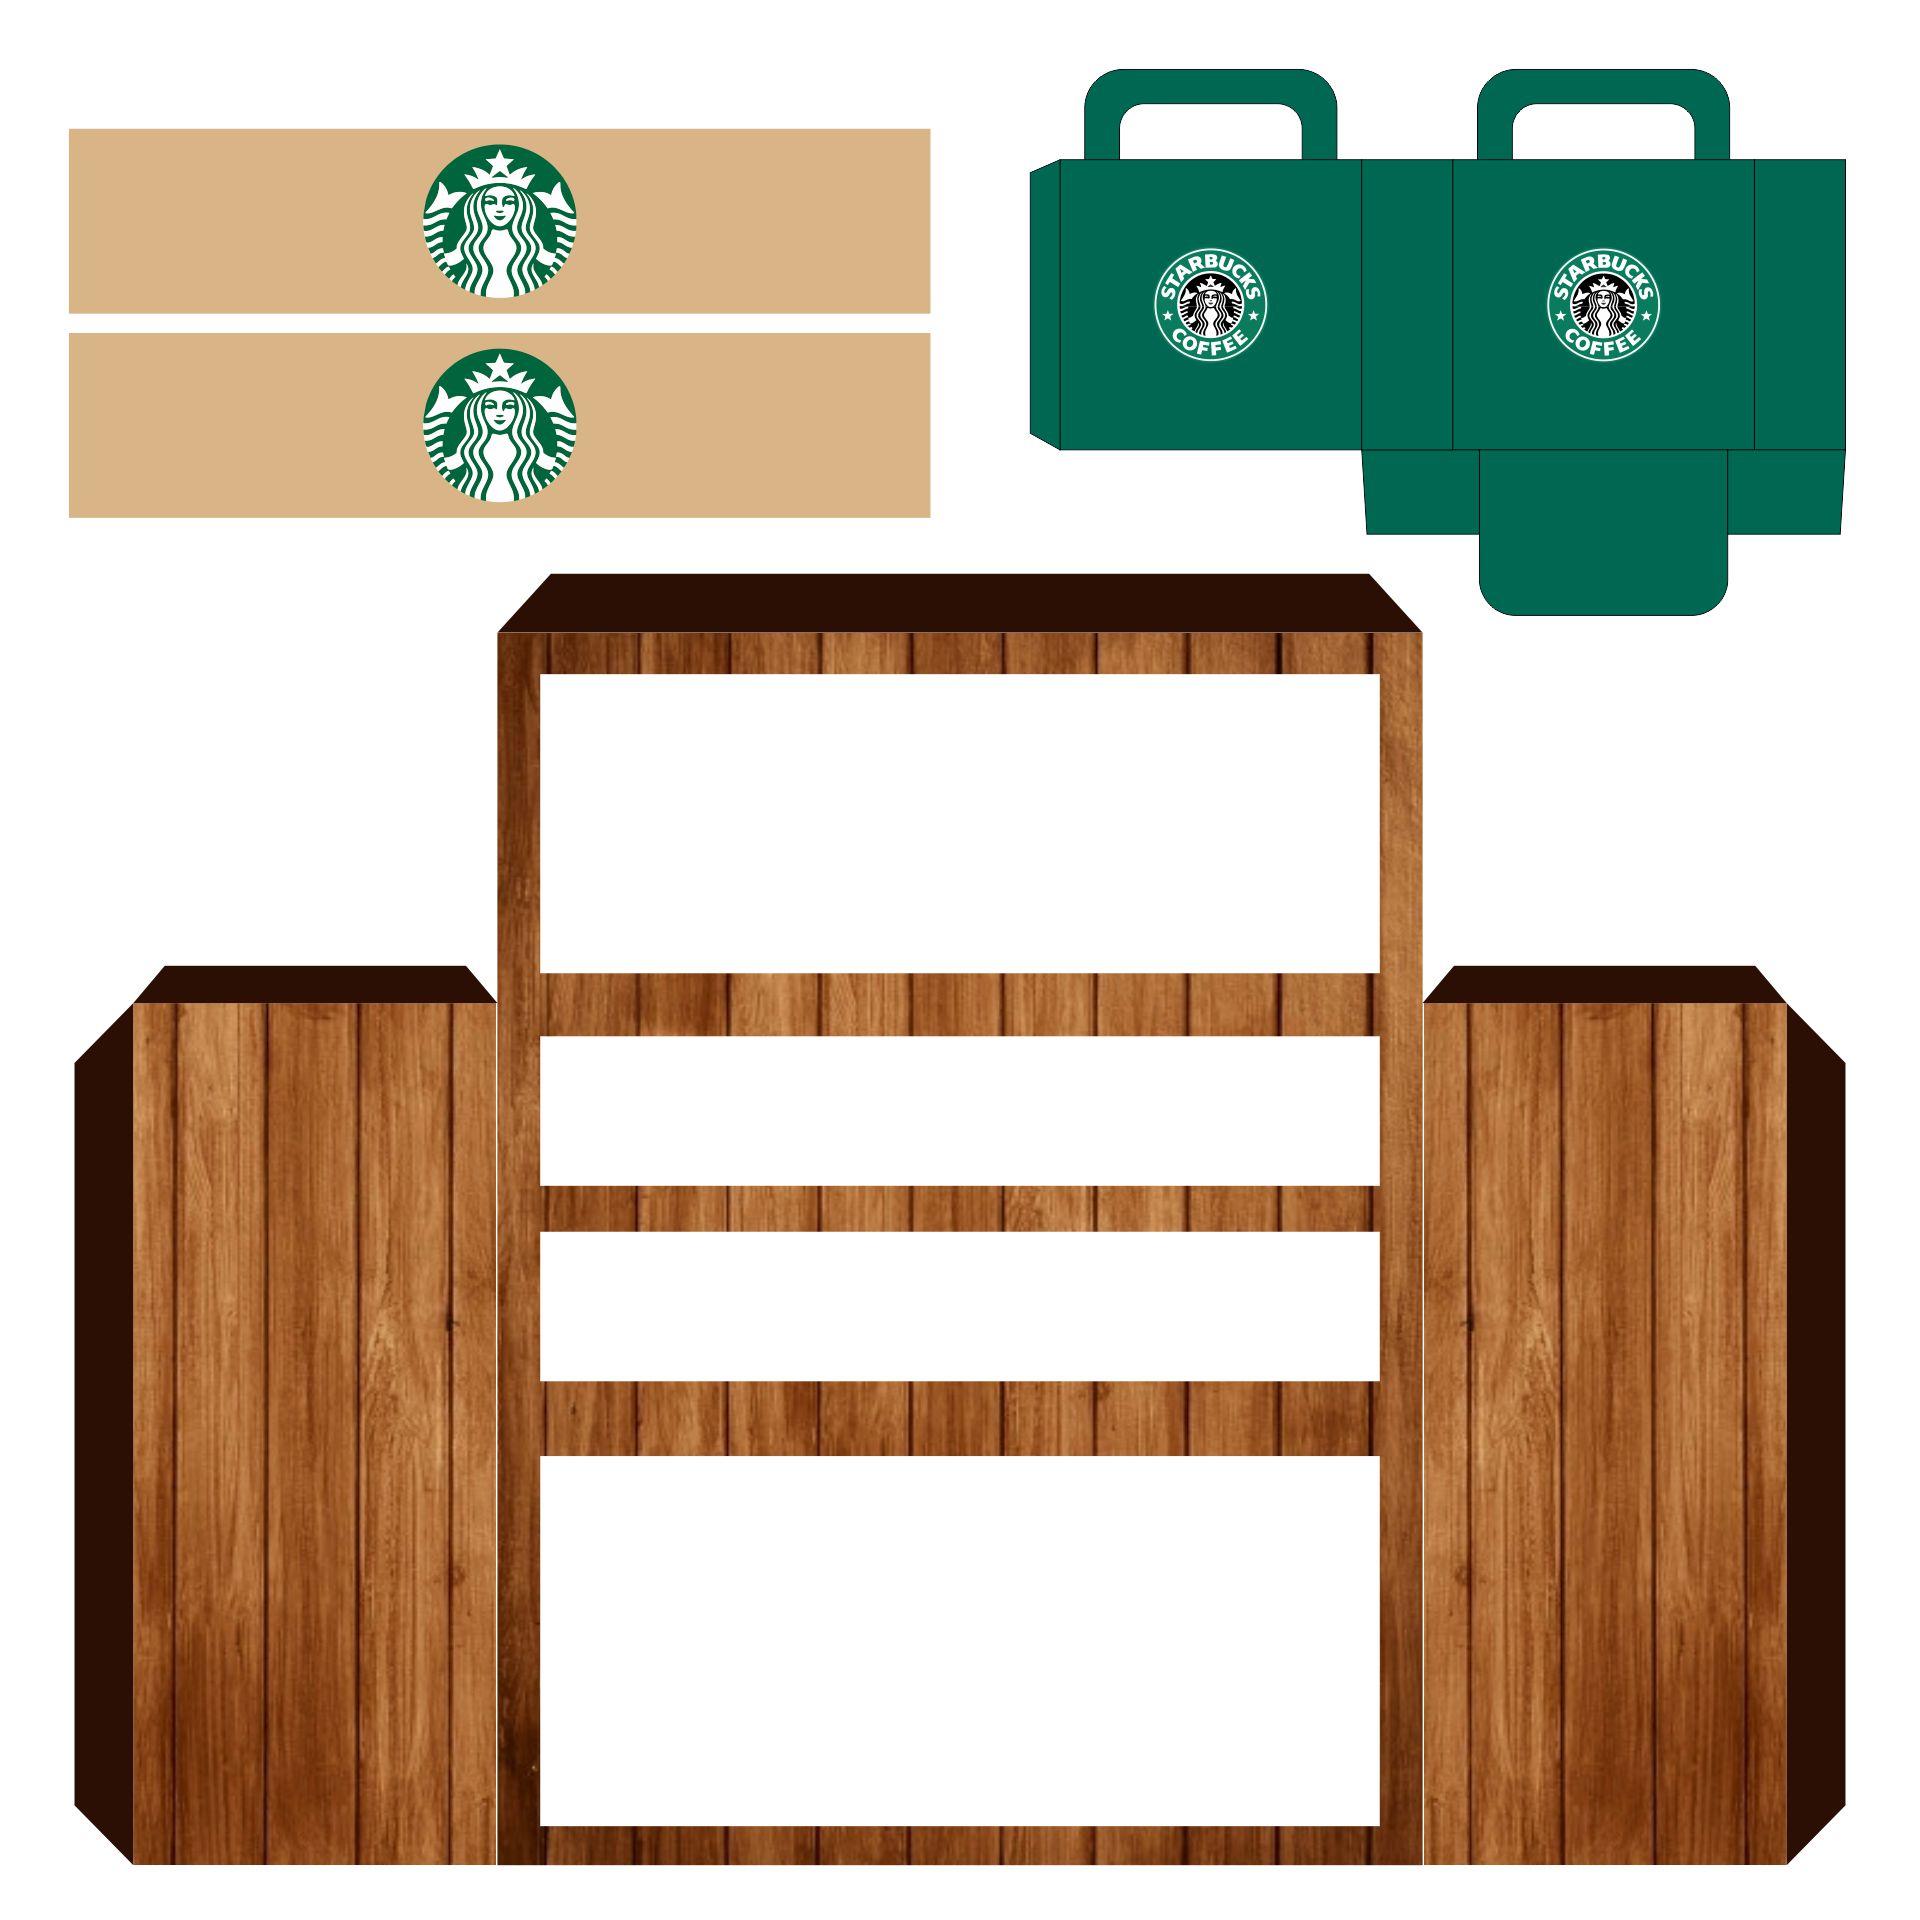 DIY Miniature Starbucks Coffee Cafe For Dools
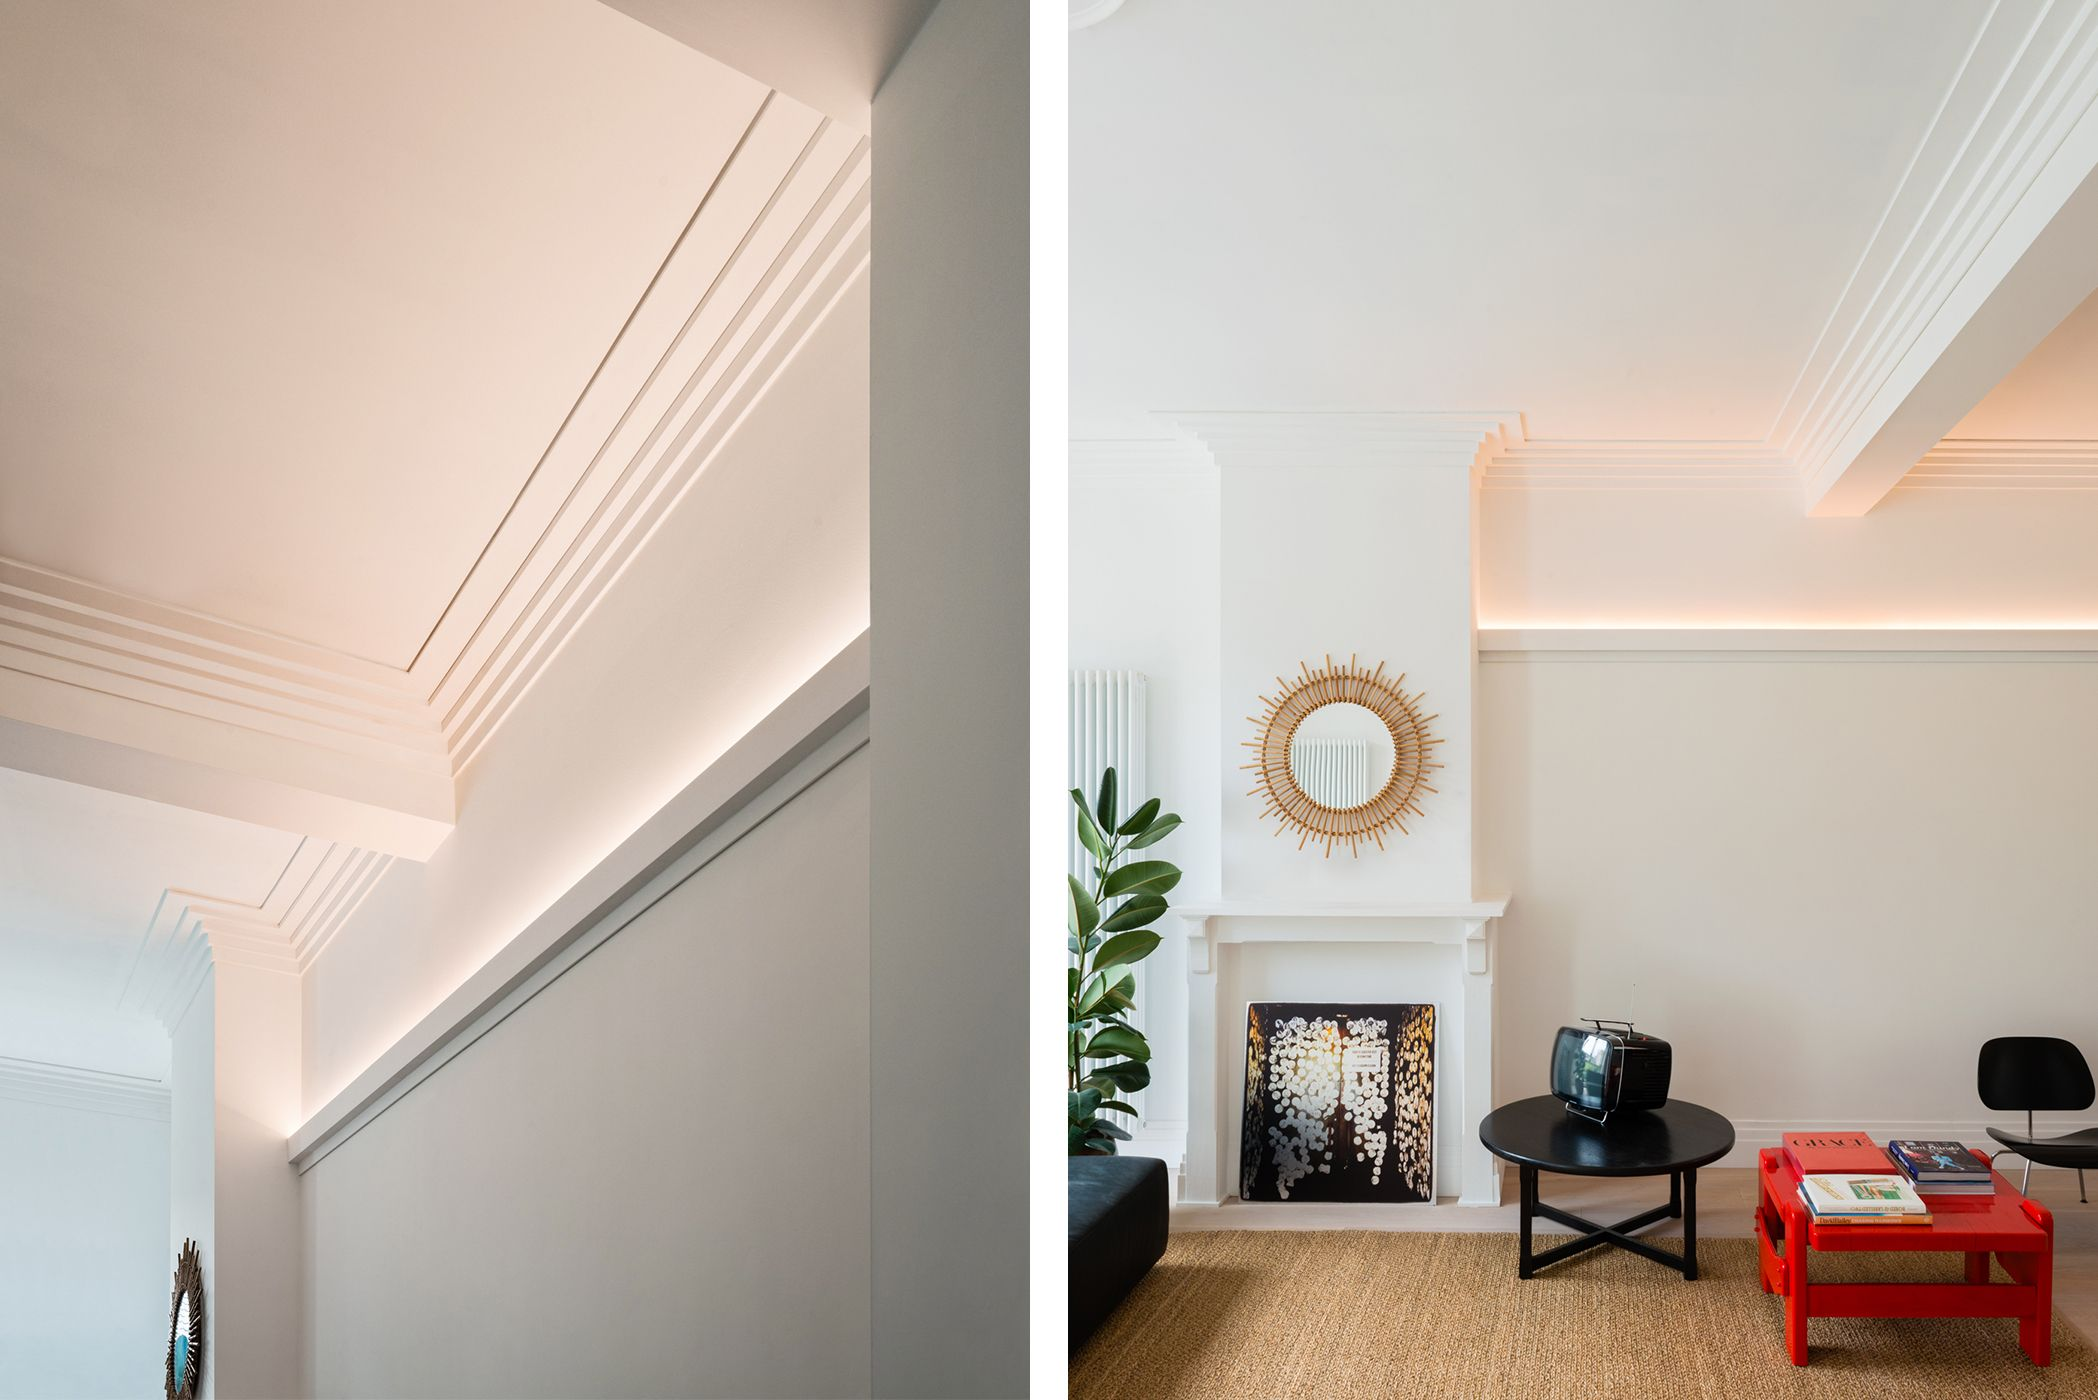 The Uplighting Coving Shop Wm Boyle Interiors
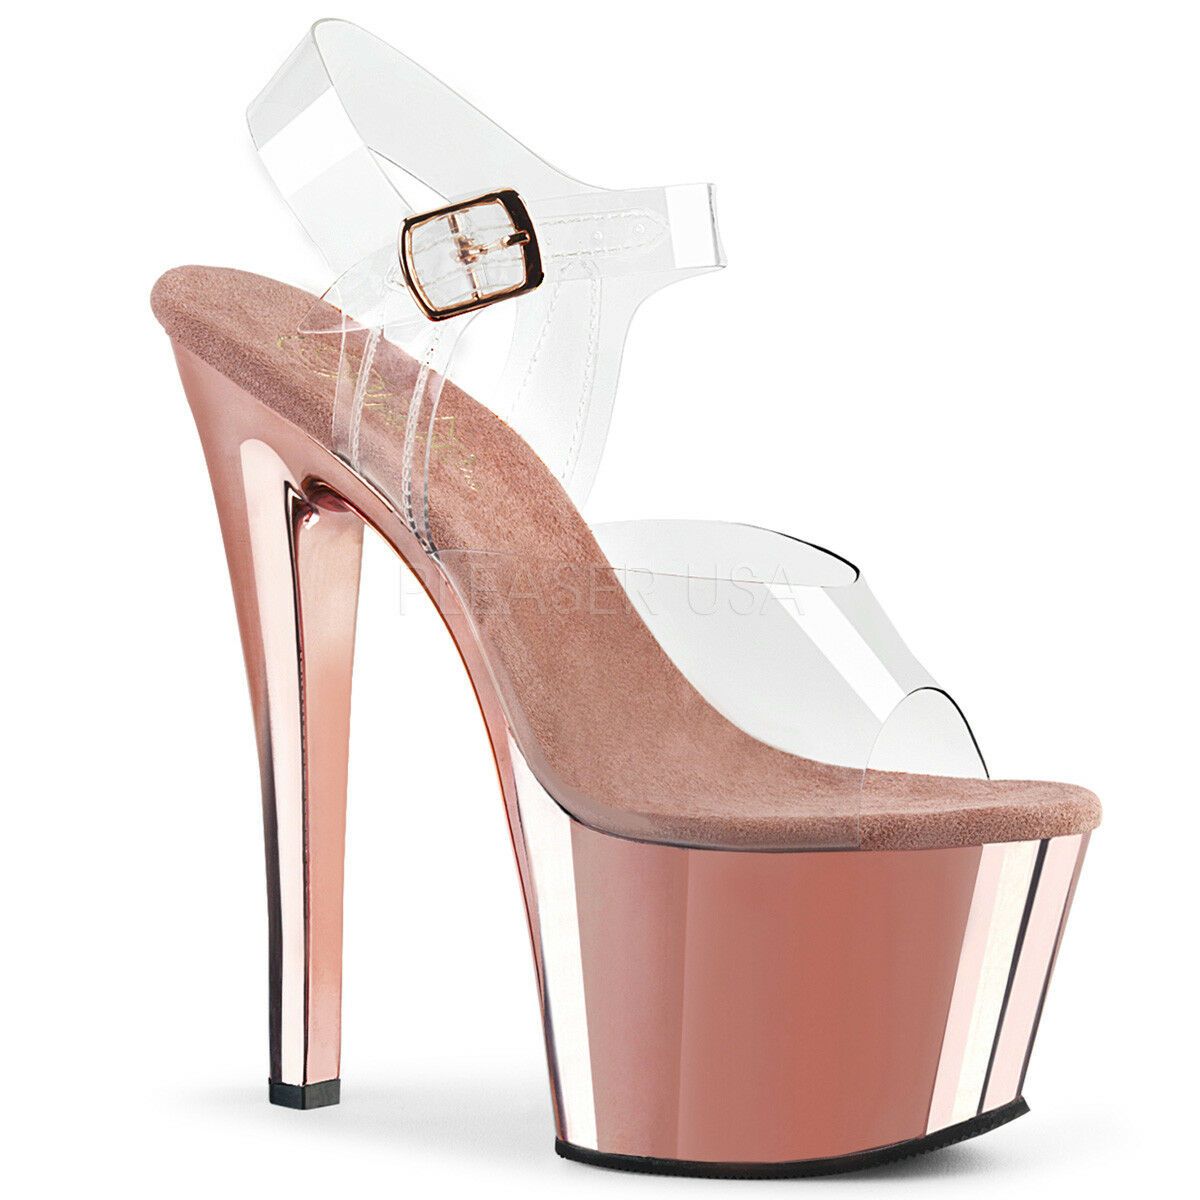 PLEASER SKY-308 CLEAR pink gold PLATFORM POLE DANCING STILETTO SHOES SANDALS

··········

EXERCISE ::
Every last line above must be reproduced as written, and no pictures belong in the copy.

FINISHED TASK ::
 DIY Miniature Starbucks Coffee Cafe For Dools
 The Uplighting Coving Shop Wm Boyle Interiors
 PLEASER SKY-308 CLEAR pink gold PLATFORM POLE DANCING STILETTO SHOES SANDALS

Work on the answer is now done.